The EU AI Act's transition periods are over. For organisations deploying what the Act classifies as "high-risk" AI systems — those touching hiring, credit, education, biometric identification, or customer-facing decisions — the obligations are live and enforceable. Yet most AI teams have barely begun.
What Counts as High-Risk AI?
The EU AI Act defines high-risk AI systems across eight broad categories under Annex III. If your AI system is used in any of the following areas, you are almost certainly in scope:
- Hiring & HR decisions — recruitment screening, performance evaluation, promotion decisions
- Credit & financial services — creditworthiness scoring, insurance risk classification
- Education & vocational training — admissions, assessment, monitoring of learners
- Customer-facing services — AI used in essential private and public services
- Biometric systems — real-time or post-hoc identification from physical characteristics
- Critical infrastructure — AI managing utilities, transport, or financial systems
The Five Obligations Most Teams Are Missing
1. A Risk Management System Across the Full Lifecycle
Article 9 requires a documented, operational risk management system that isn't static — it must be updated as the system evolves. Every model retrain, every data schema change, and every deployment to a new context must trigger a risk review. A Word document written in 2024 does not satisfy Article 9 in 2026.
2. Continuous Record-Keeping and Logging
Article 12 mandates automatic logging of each "use" of the AI system with sufficient granularity to ensure traceability. These logs must be retained — at minimum — for the period the system remains in operation, and in many cases for years after decommissioning. If your inference logs aren't archived with full context today, you're already in violation.
3. Technical Documentation That Stays Current
Annex IV specifies detailed technical documentation requirements.

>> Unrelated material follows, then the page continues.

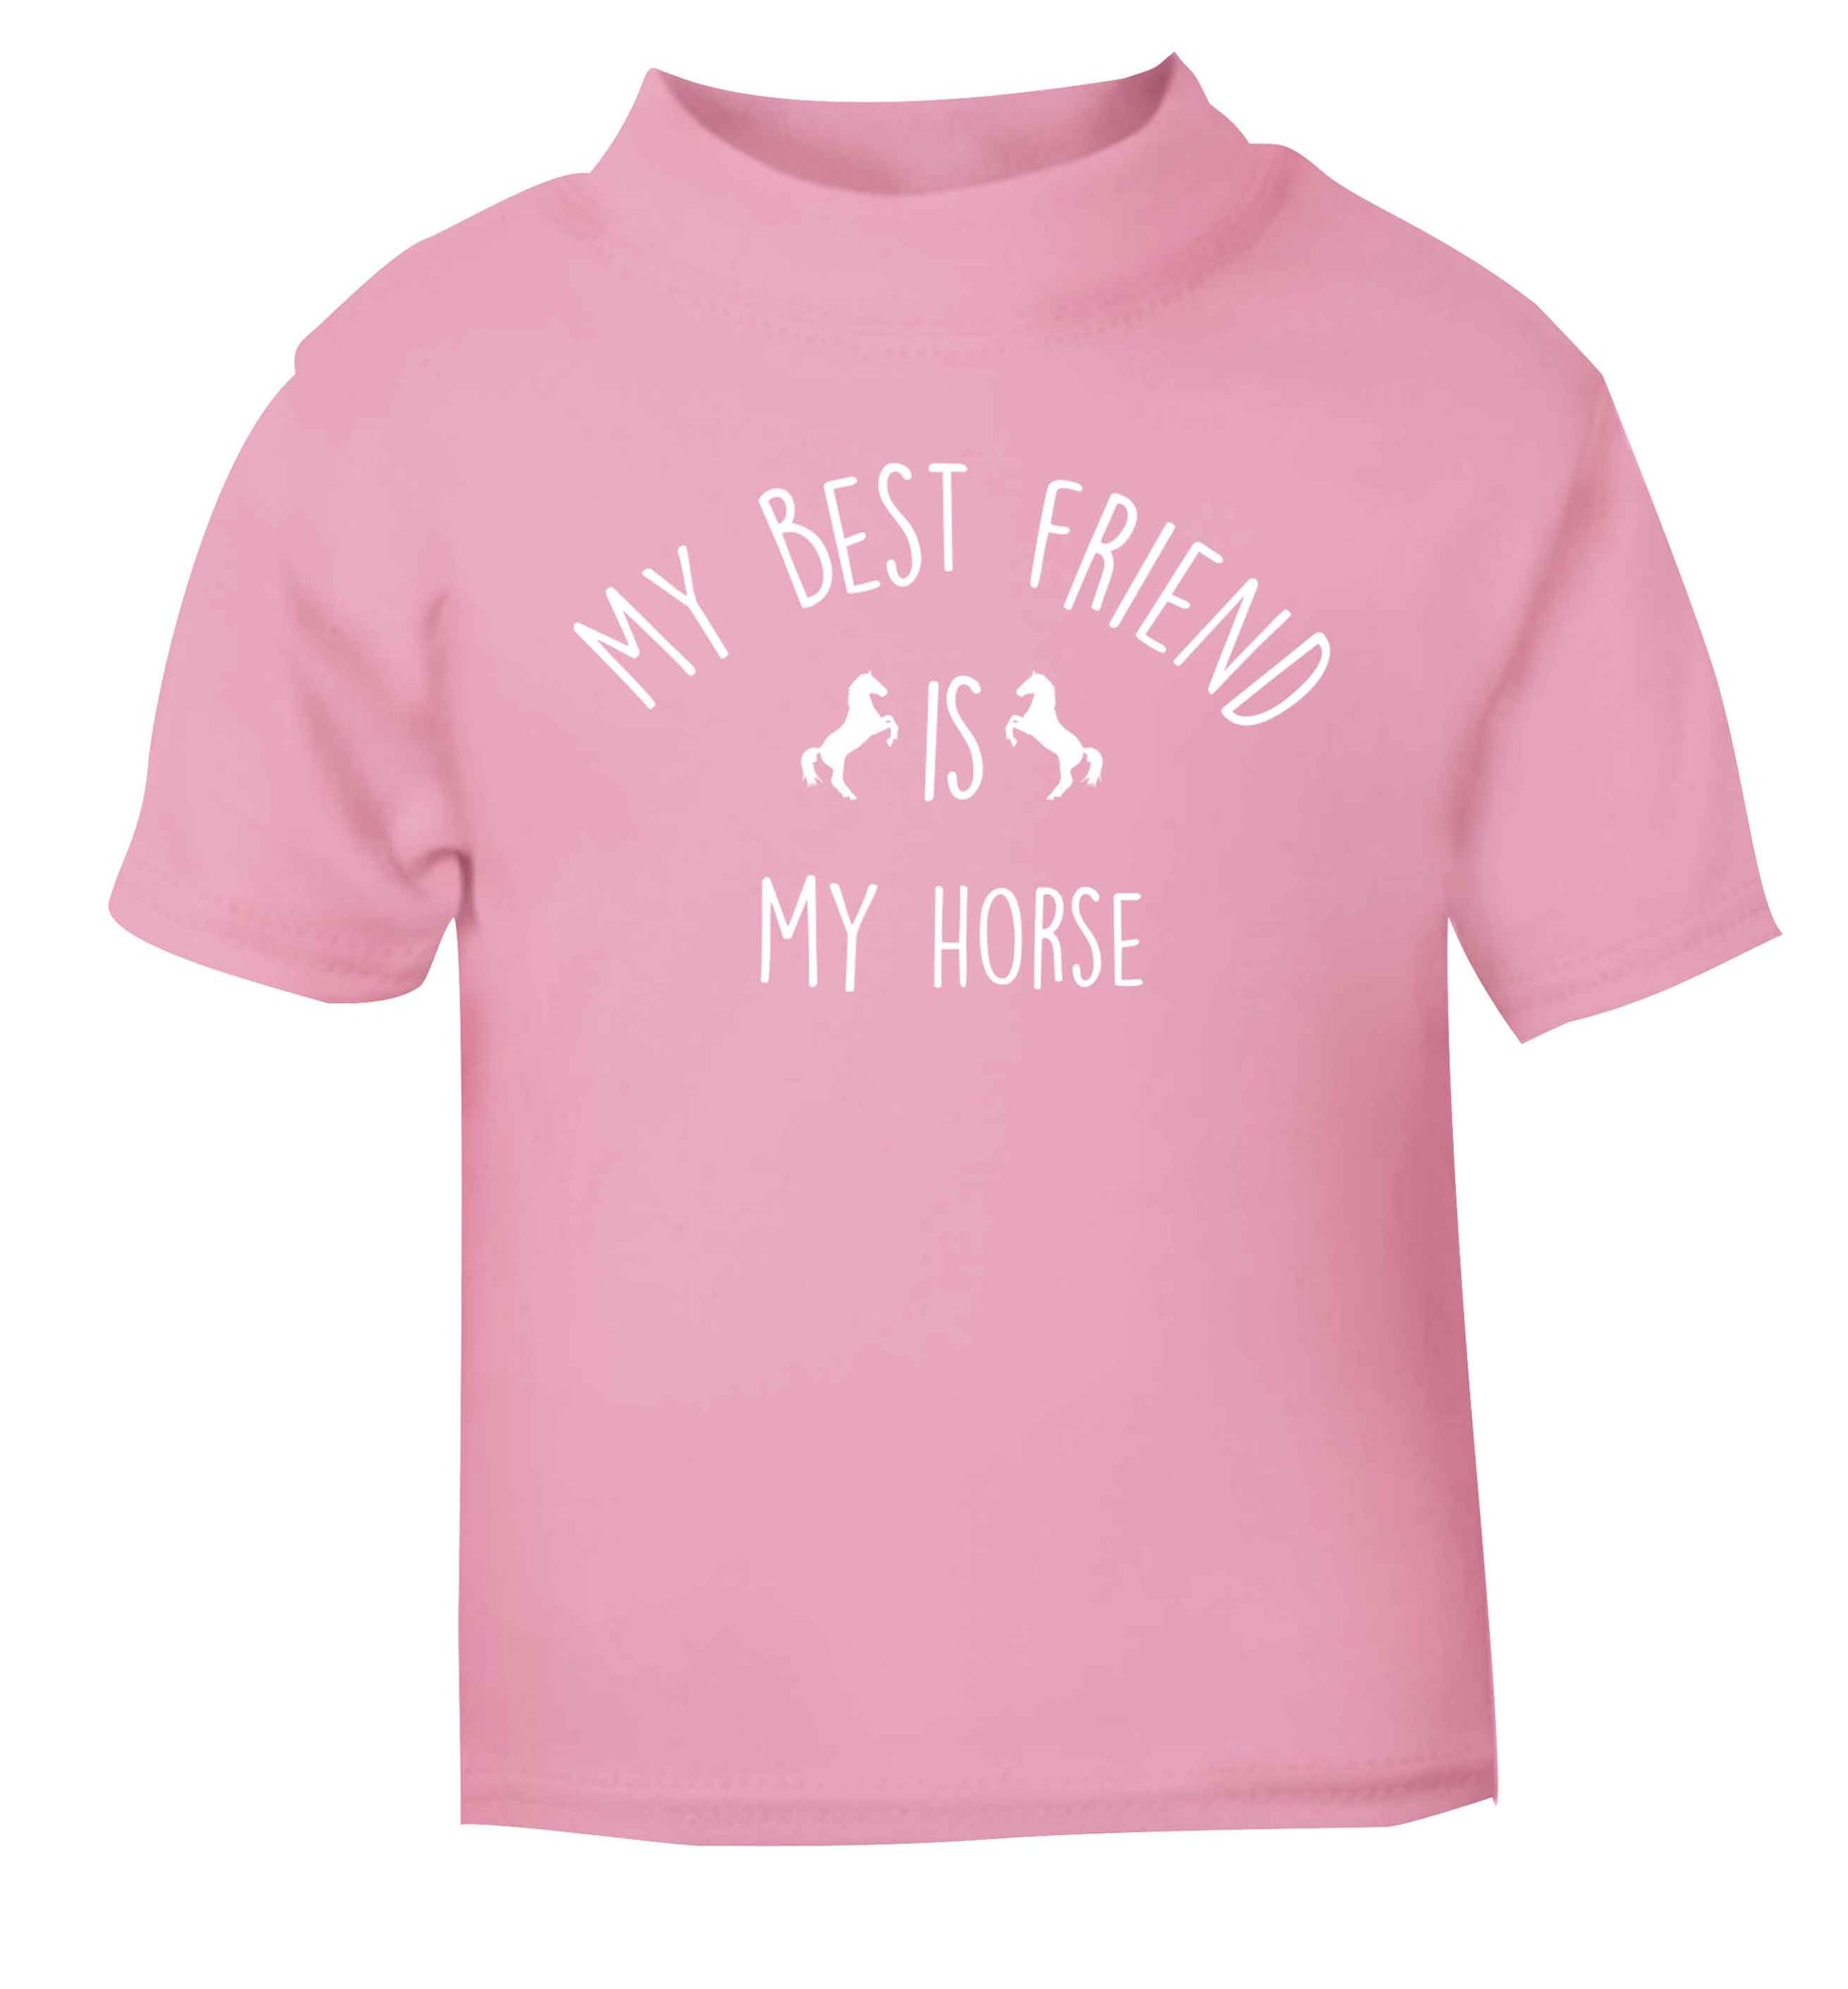 My best friend is my horse light pink baby toddler Tshirt 2 Years

Critically, this documentation must reflect the current state of the system. If you retrained your model last Tuesday, your Annex IV documentation must reflect that by deployment. Most compliance teams update documentation quarterly, at best.
4. Human Oversight Mechanisms
Article 14 requires that high-risk AI systems are designed to allow human overseers to effectively monitor, understand, and where necessary override outputs. This must be implemented at the system level and evidenced — policy statements are not enough.
5. Deployer-Specific Obligations
Many teams conflate "provider" and "deployer" obligations. If you are the company putting an AI system to use — even a third-party AI — you carry deployer obligations under Article 26. These include conducting a fundamental rights impact assessment, informing affected individuals, and maintaining operational logs. This catches most SaaS companies off guard.
The Compliance Stack Gap
The regulatory obligations are operational and continuous, but the average compliance stack is static and annual. Spreadsheets and policy documents cannot satisfy an obligation that requires real-time logging, lifecycle documentation, and evidence of continuous control operation. This is precisely the gap Vigilens was built to close.
What "Audit-Ready" Actually Looks Like
A regulator asking for evidence of compliance with Article 9 doesn't want a risk register in a spreadsheet. They want a timestamped, traceable record showing that risk was assessed at each stage of the AI lifecycle, that identified risks had mitigations, and that those mitigations were tested and evidenced — from your actual systems, not a document reconstructed the week before the audit.
The teams that will navigate enforcement without penalty are those that have wired compliance into their engineering workflows from the start.